John Billard : Tout d'abord, je précise que je succède à Claude Térouinard, mon prédecesseur à la tête de l'Association des Maires Ruraux de l'Eure-et-Loir et toujours maire de Châtillon-en-Dunois. L'un de ses objectifs était d'apporter à cette instance un certain renouvellement "générationnel ". Aussi, je vais déjà voir comment cela fonctionne dès le 9 février, date de la première séance.

Ensuite, même si je ne suis pas le seul, un maire très rural au sein de cette instance doit contribuer à apporter une vision et une expérience différente d’autres élus qui pourraient parfois avoir une approche biaisée de la réalité. Si les mêmes règles et normes s'appliquent à tous, chacun vit ces éléments de manière spécifique !

Mon expérience de la gestion d'une mairie grâce (ou à cause de) difficultés de personnel communal depuis deux ans, m'obligent à gérer 80 % de la charge administrative. Il y a beaucoup de choses à dire sur ce point... Nos obligations de gestion sont aussi contraignantes que certaines normes non adaptées et/ou réalisables pour une commune de - de 500 à 1000 habitants.

Avez-vous une idée qui vous tient particulièrement à cœur que vous souhaitez en particulier défendre en qualité de maire rural ?

D'abord le statut de l'élu, qui doit être revu pour permettre à tous les citoyens, de toutes catégories sociales, d'être élu et représentant du peuple. Pour cela, il est nécessaire de réformer, et bien sûr de diminuer le nombre de communes.

Attention, je ne dis pas qu'il faudrait supprimer à tout va, et n'importe comment. Par exemple, des critères de superficie, d'accessibilité doivent entrer dans l'organisation territoriale. Je préfèrerais une France avec moins de communes mais avec une diversité sociale d'élus plus importante, plus représentative.

Je ne pense pas qu'il faille toujours compter sur les aides mises à disposition, par le Conseil général, par la Communauté de communes, par l'Etat. Si l'on veut garder sa liberté et sa compétence générale, il faut se donner les moyens d'être indépendant. On ne pourra pas augmenter significativement les impôts communaux. L'Etat ne pourra pas indéfiniment augmenter sa part dans nos finances locales. Il faut inventer un autre modèle.
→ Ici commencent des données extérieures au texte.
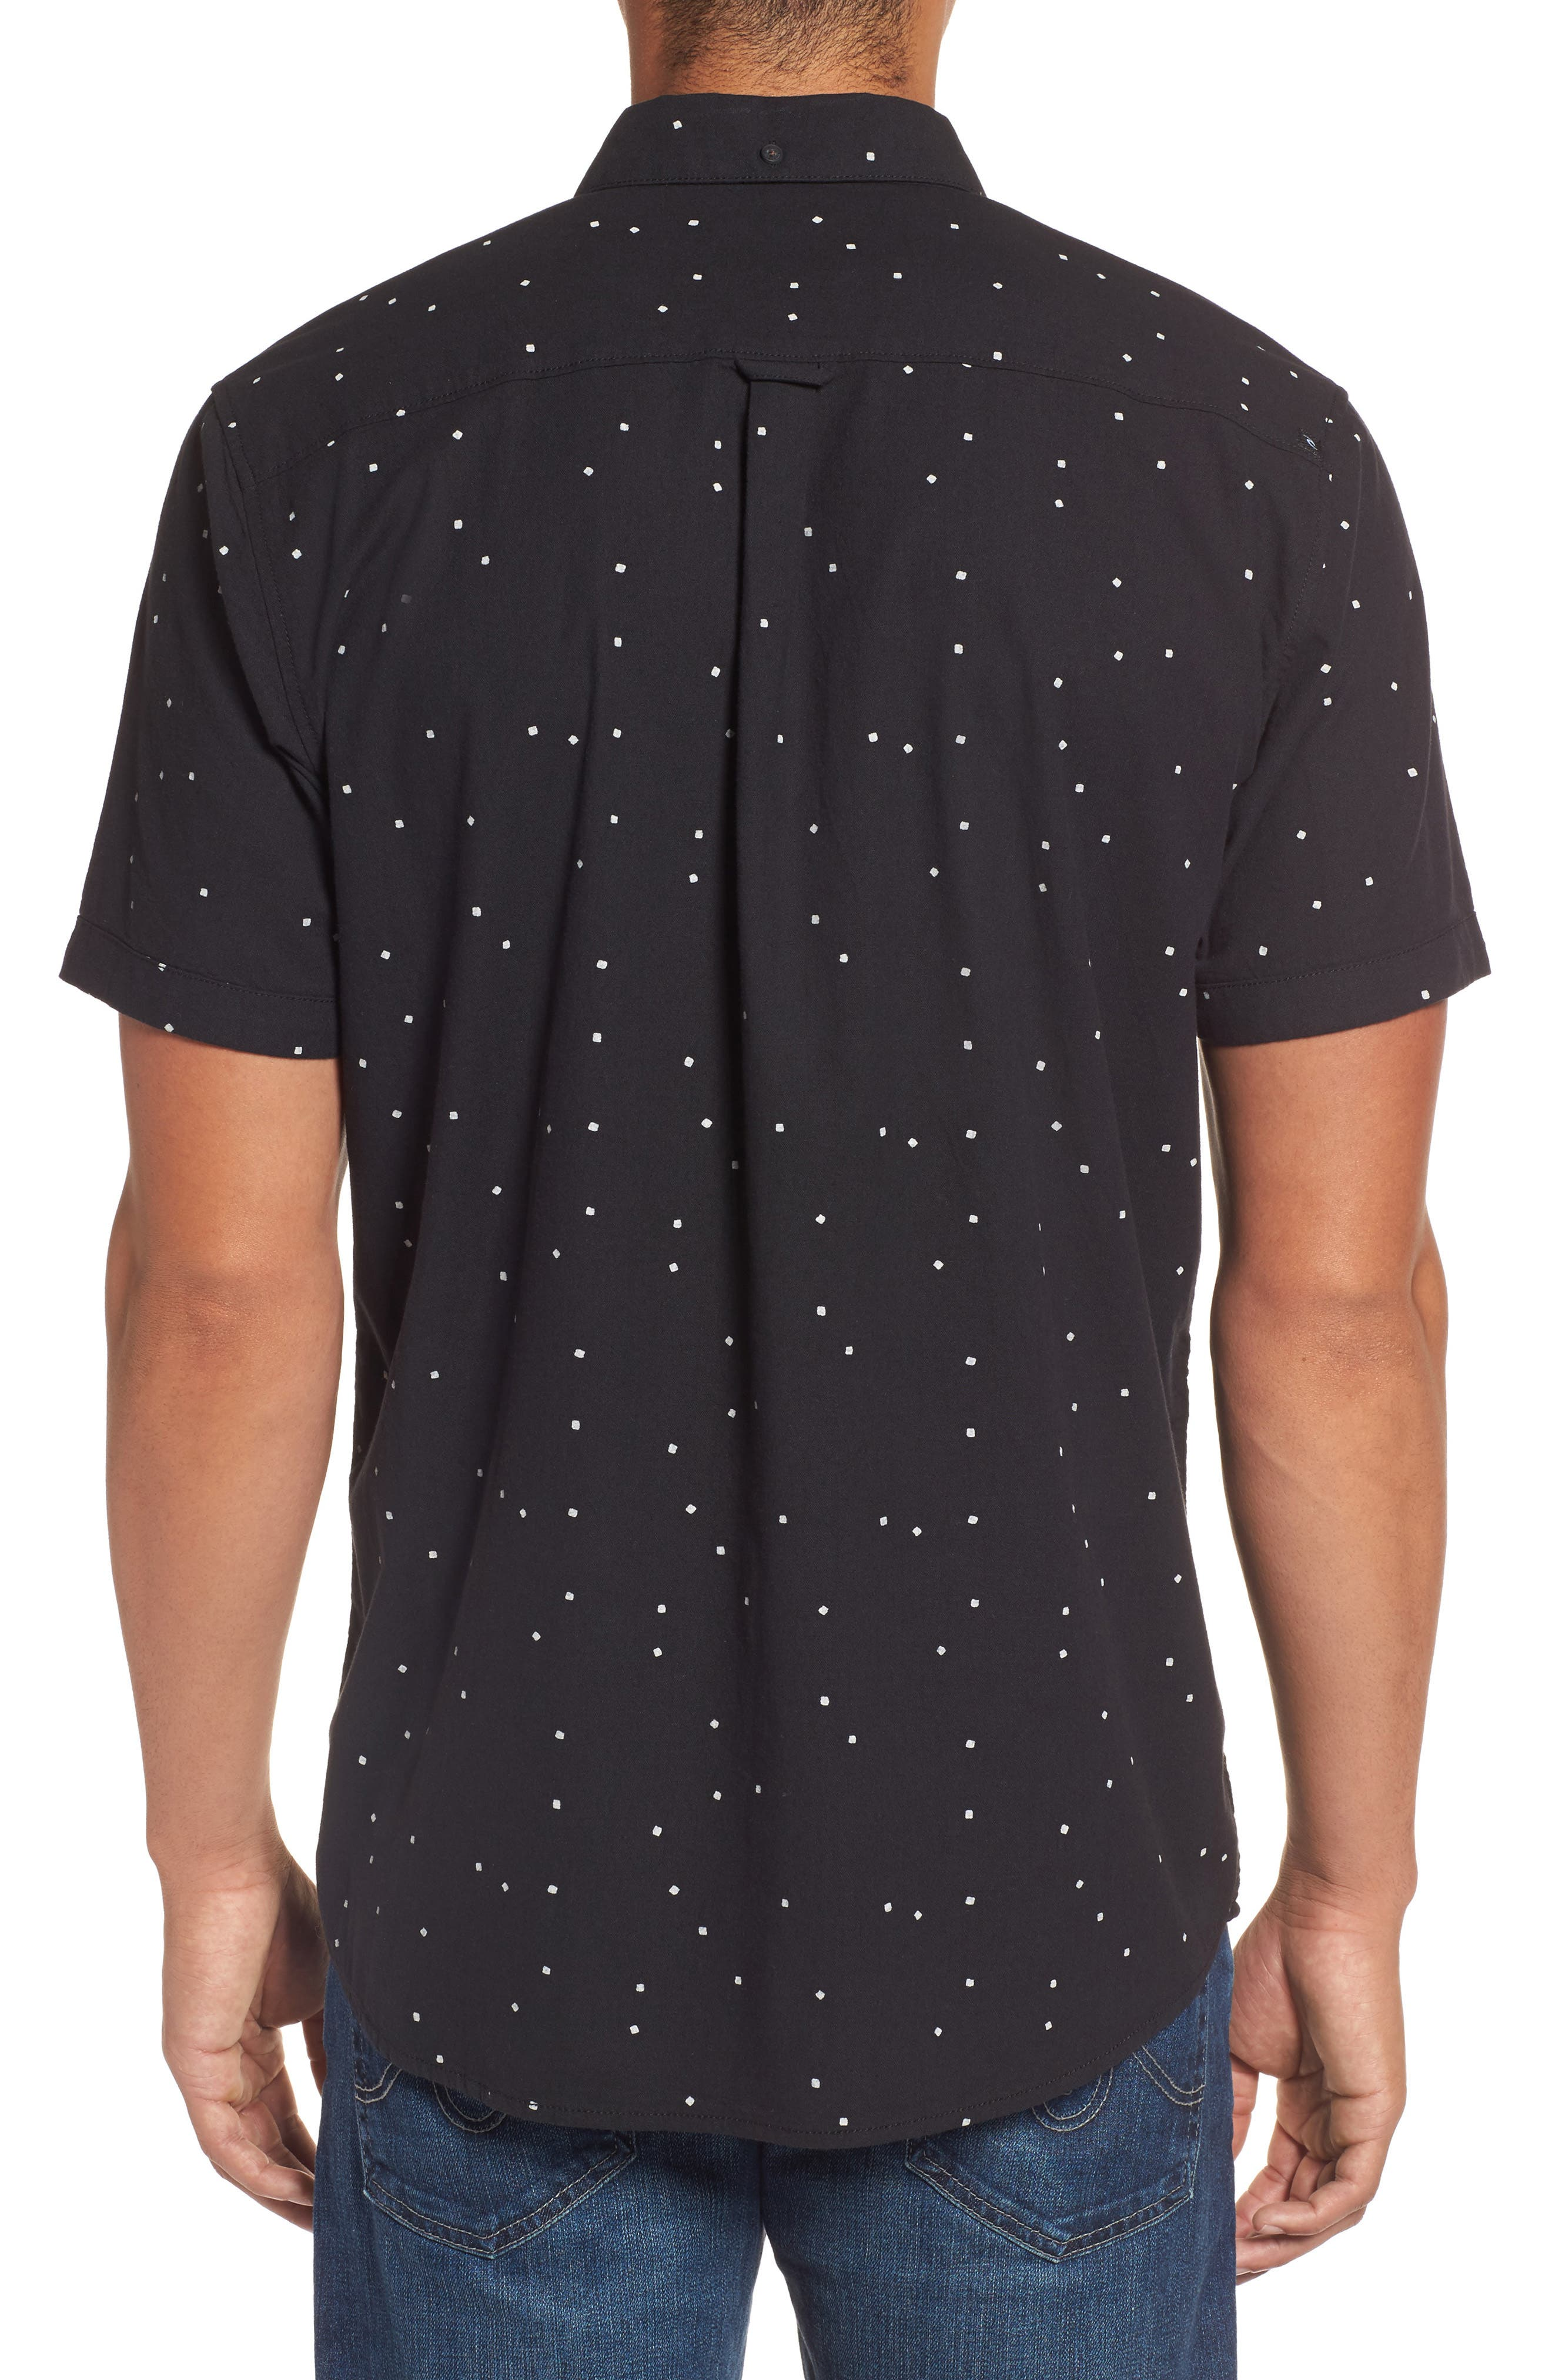 Mixter Short Sleeve Shirt,                             Alternate thumbnail 2, color,                             001
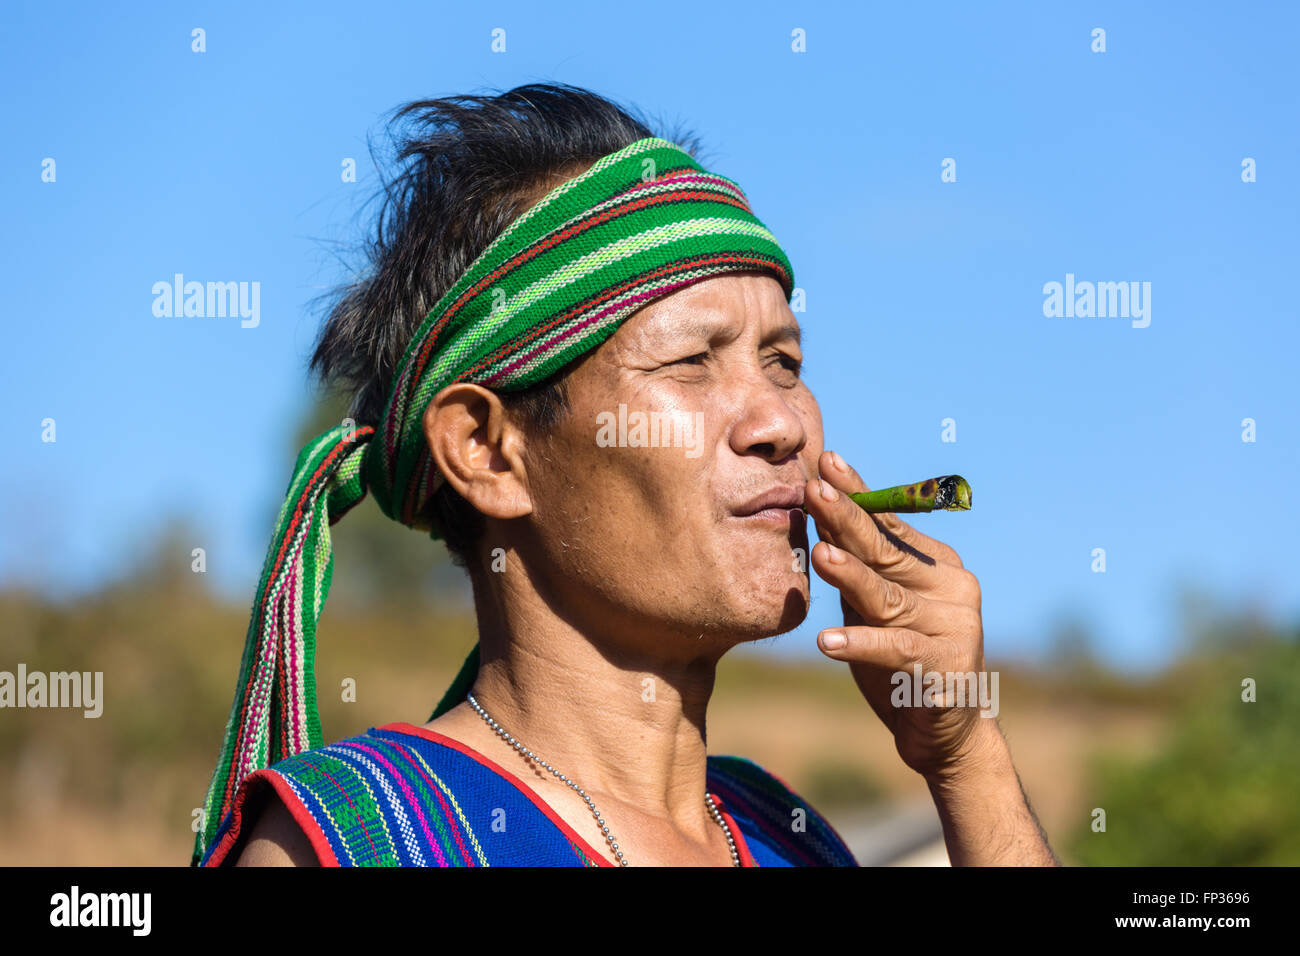 Man in traditional costume smoking cigar, Phnong tribe, ethnic minority, Pnong, Bunong, Senmonorom, Sen Monorom - Stock Image

Et cela passe par un regroupement de quelques communes (ne pas confondre avec les communautés de communes, qui ne sont que des machines à développer les services à la population dans les communes centres), regroupement qu'il faudra un jour avoir le courage de faire.

Autre point qui me vient à l'esprit : les intercommunalités à 20, 30, 40 communes seront ingérables de par le nombre de représentants siégeant aux conseils communautaires, aux bureaux, etc. Or, une intercommunalité de 40 communes aujourd’hui passant par exemple à 20 maires serait plus simple à gérer. De plus, une commune plus grande a plus de poids au sein même de sa communauté de communes.

L'expérience acquise lors des échanges en CDCI, et les débats opportunistes générés dans l’intercommunalité dans laquelle je siège a fini par me convaincre qu'avec 320 habitants, je ne pesais rien. Alors que si j'associais ma commune, à celle voisine de 800 habitants, à nous deux nous pourrions peser pour une plus juste répartition des investissements sur le territoire intercommunal.